Cet or invisible et qui rit c’est nous c’est la vie


Depuis vendredi soir, la France a basculé, mais dans quoi ? On s’interroge : est-ce que c’est ça, vivre dans une ville en guerre ? Le sentiment d’innocence perdue. S’inquiéter pour ses proches ou pour des inconnus dès que retentissent les sirènes. Rentrer à pied, le soir, dans des rues désertes. Se tenir au plus près des voitures en stationnement. S’habituer à prononcer ces mots : « tueurs, fusillade, victimes » en parlant non d’une ville étrangère : Beyrouth, Alep ou Lagos, mais de Paris. Passer des heures à rassurer les uns, réconforter les autres et chercher au plus profond de soi l’énergie pour tenir. Cela va durer, dit-on. Bien plus longtemps qu’on ne se l’imaginait en janvier dernier lorsqu’il fallut trouver des mots pour décrire la situation flottante, incertaine et dangereuse dans laquelle nous venons d’entrer. Il y aura encore du sang, du verre brisé, ce sera moche. Autant s’y faire, mais pas au sens où l’on se résignerait à l’horreur. Plutôt comme on se forge une carapace de courage.   La jeunesse de notre pays, ciblée, touchée, vit son épreuve du feu. Elle en sera transformée, devra faire des choix difficiles.

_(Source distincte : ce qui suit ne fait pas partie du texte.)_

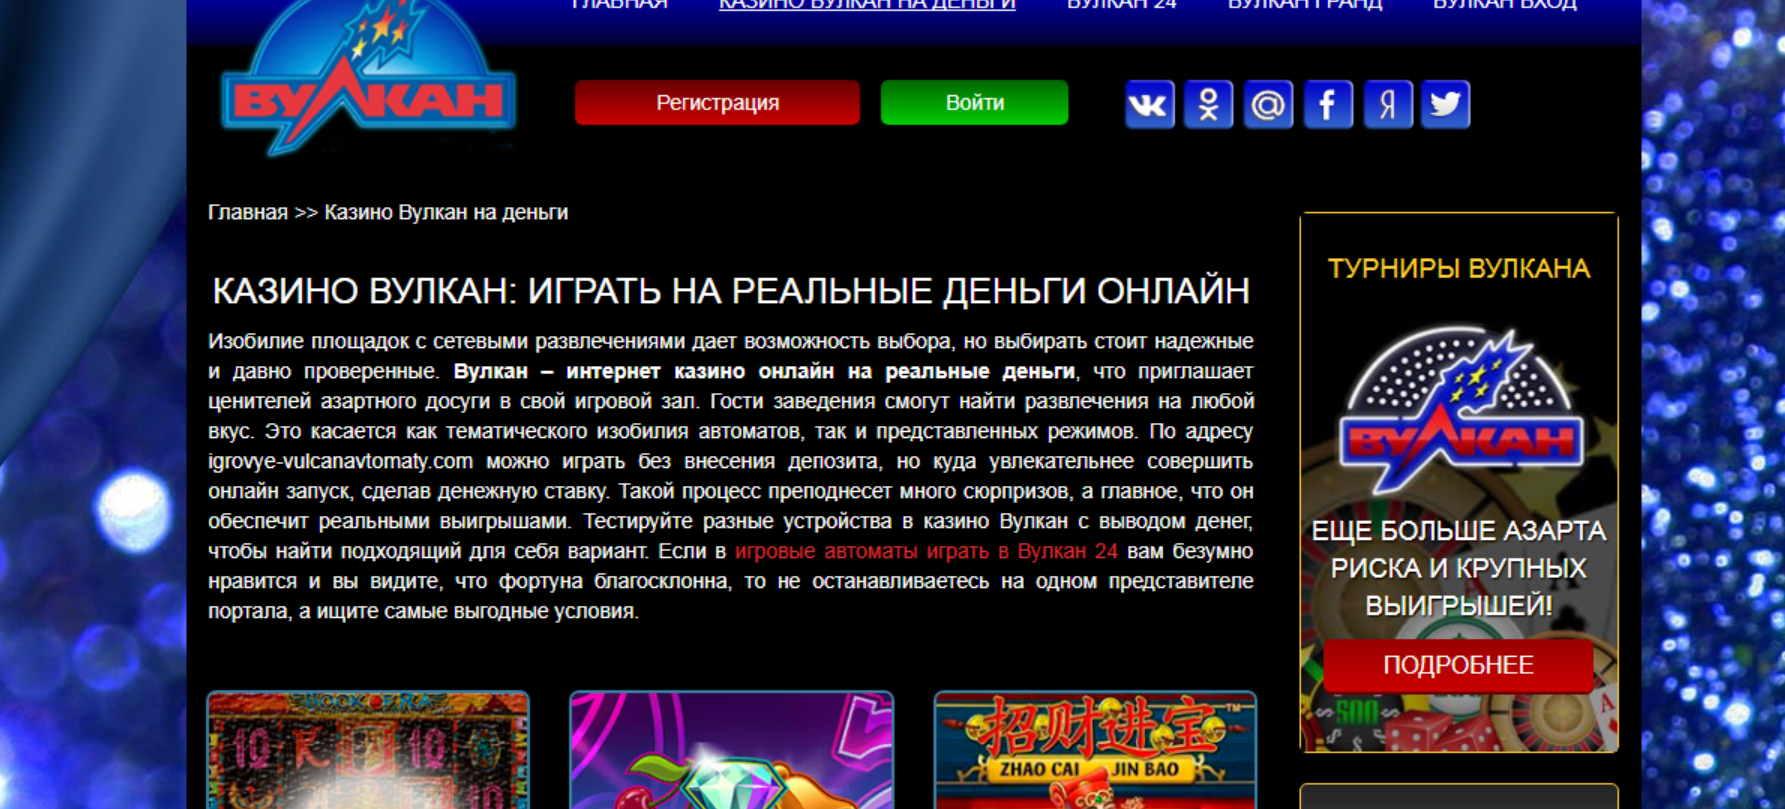 интернет клуб казино вулкан

Celui de continuer à sortir et de se mélanger à des inconnus ou de se barricader devant sa « fiction ». Choisir entre l’ouverture et le repli, entre la haine et la solidarité, entre la peur et le défi. Elle l’écrit déjà, ici par exemple, et c’est très beau, plein d‘énergie, la rage de vivre et d’aimer. D’autres ont choisi d’inviter tous leurs amis à venir cuisiner, dîner, jouer, plaisanter : table ouverte et rire à volonté. C’est pour notre capacité à faire triompher la vie que le monde aime la France.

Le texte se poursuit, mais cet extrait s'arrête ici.